Sicherheitslage seit Militärputsch nicht verschlechtert
Die Sicherheitslage in Agadez hat sich den Angaben zufolge seit dem Militärputsch im Niger im Juli 2023 und dem Abzug der dort stationierten französischen Soldaten nicht verschlechtert. Die 73-jährige Frau sei zudem vorsichtig und aufgrund ihrer guten Vernetzung auch gut informiert gewesen. Vor diesem Hintergrund stellt sich der Entführungsfall als eine Art Nagelprobe dar, wie lückenlos die Militärregierung in der Hauptstadt Niamey die Kontrolle über das ganze Land hat.

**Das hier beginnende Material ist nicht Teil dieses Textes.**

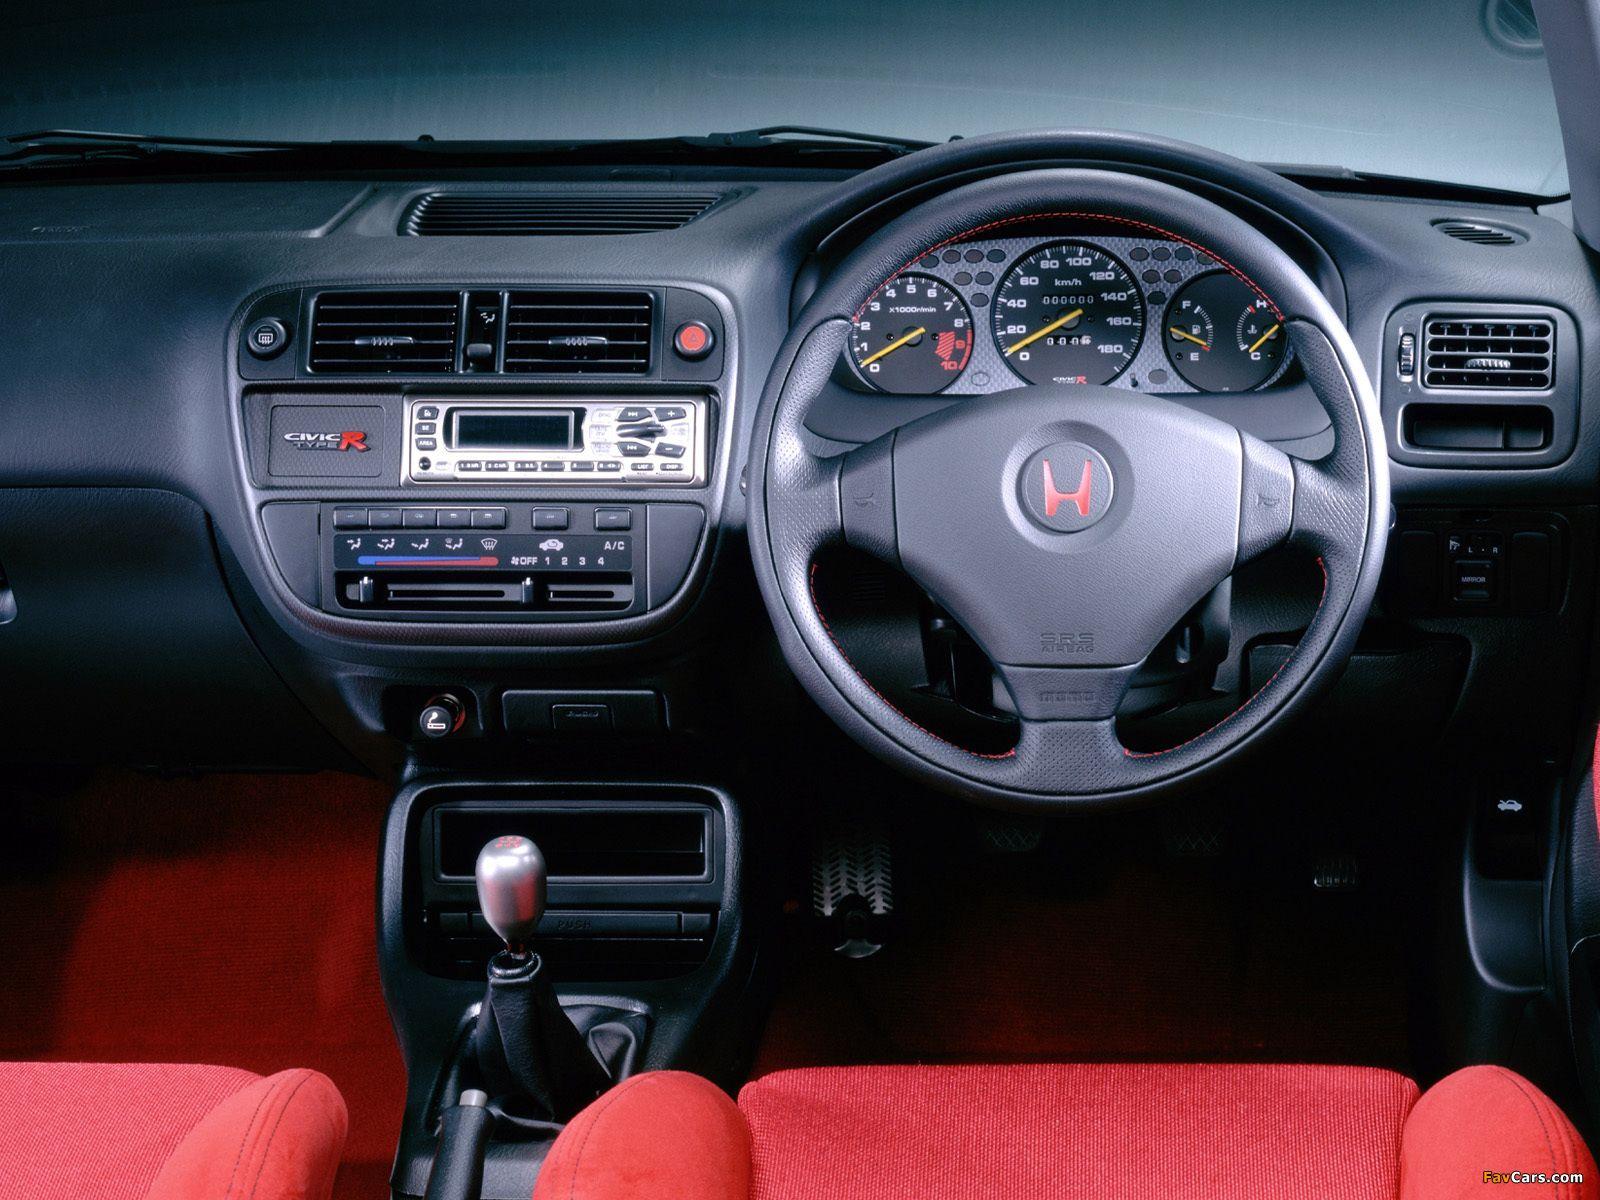 Honda Civic Type R Ek9 1997 2000 2000 Honda Civic Honda Civic Honda Civic Type R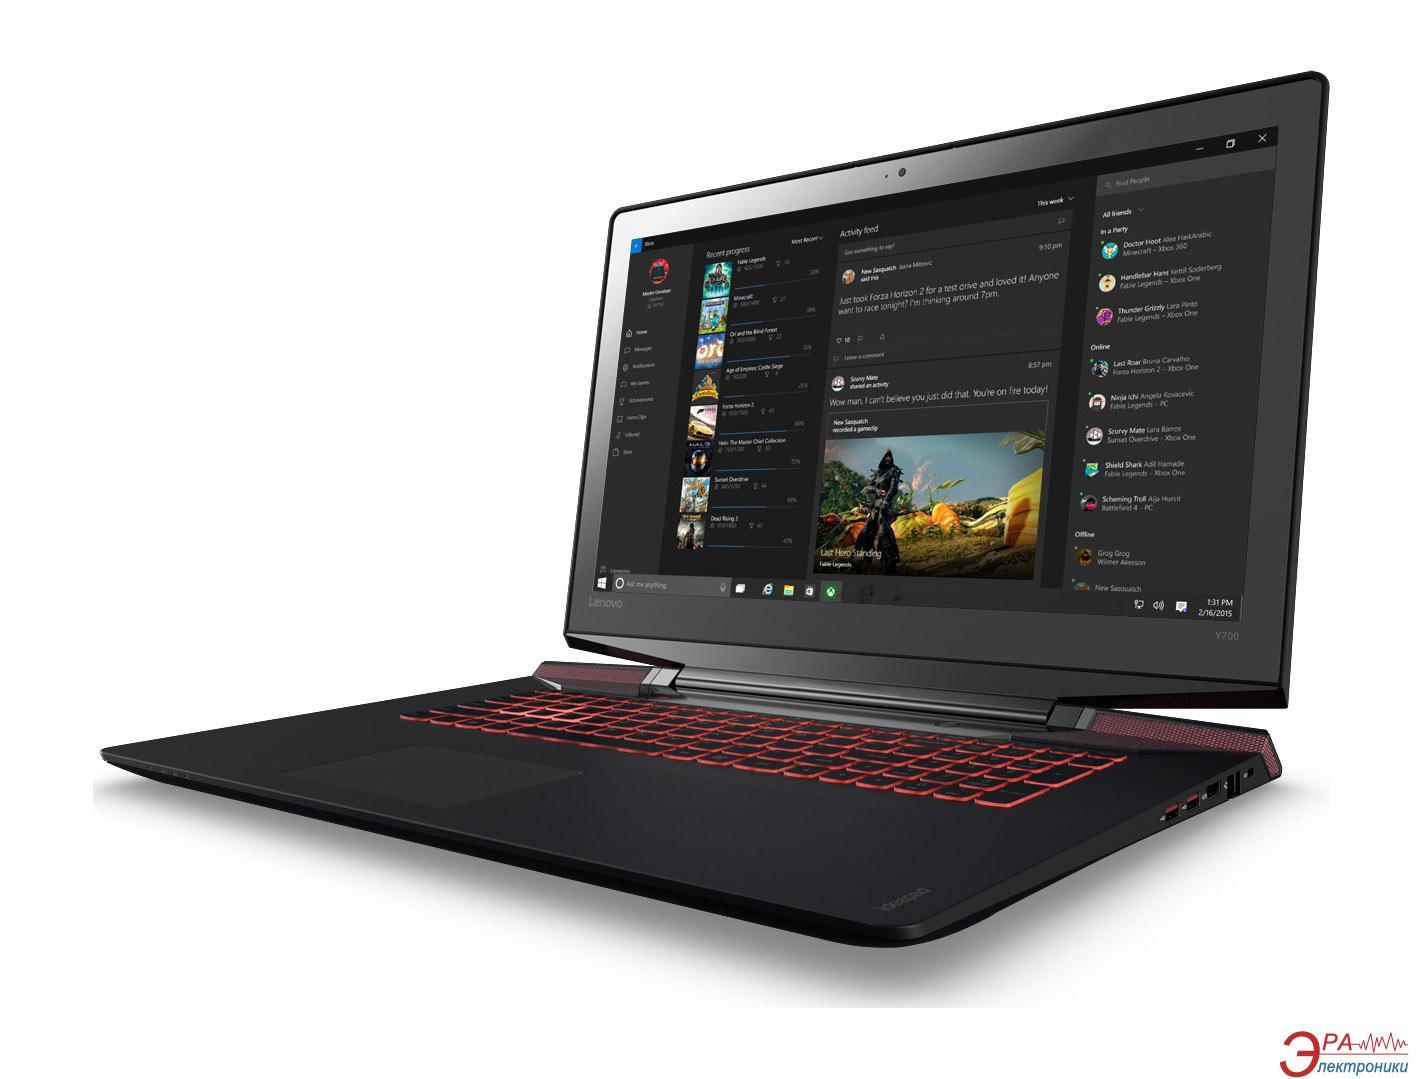 Ноутбук Lenovo IdeaPad Y700-17 (80Q00072UA) 17,3

Für den gesamten Niger gilt bereits seit fast sieben Jahren eine Reisewarnung seitens des österreichischen Außenministeriums. "Es wird vor allen Reisen nach Niger gewarnt", heißt es auf der Homepage des Ministeriums. "Österreicher:innen werden aufgefordert, Niger zu verlassen. Die Sicherheitssituation für Ausländer ist zurzeit äußerst kritisch. Anschläge und Entführungen können, auch in der Hauptstadt Niamey, jederzeit vorkommen."
Laut dem Familienmitglied wurde die nun entführte Wienerin im Jahr 2021 von einem ausländischen Geheimdienst darauf hingewiesen, dass es Entführungsdrohungen gegen sie gebe. Diese seien aber äußerst vage gewesen und die Hintergründe unklar. Die Wienerin habe sich damals entschlossen im Land zu bleiben, bewahrheitet haben sich die Warnungen dann nicht.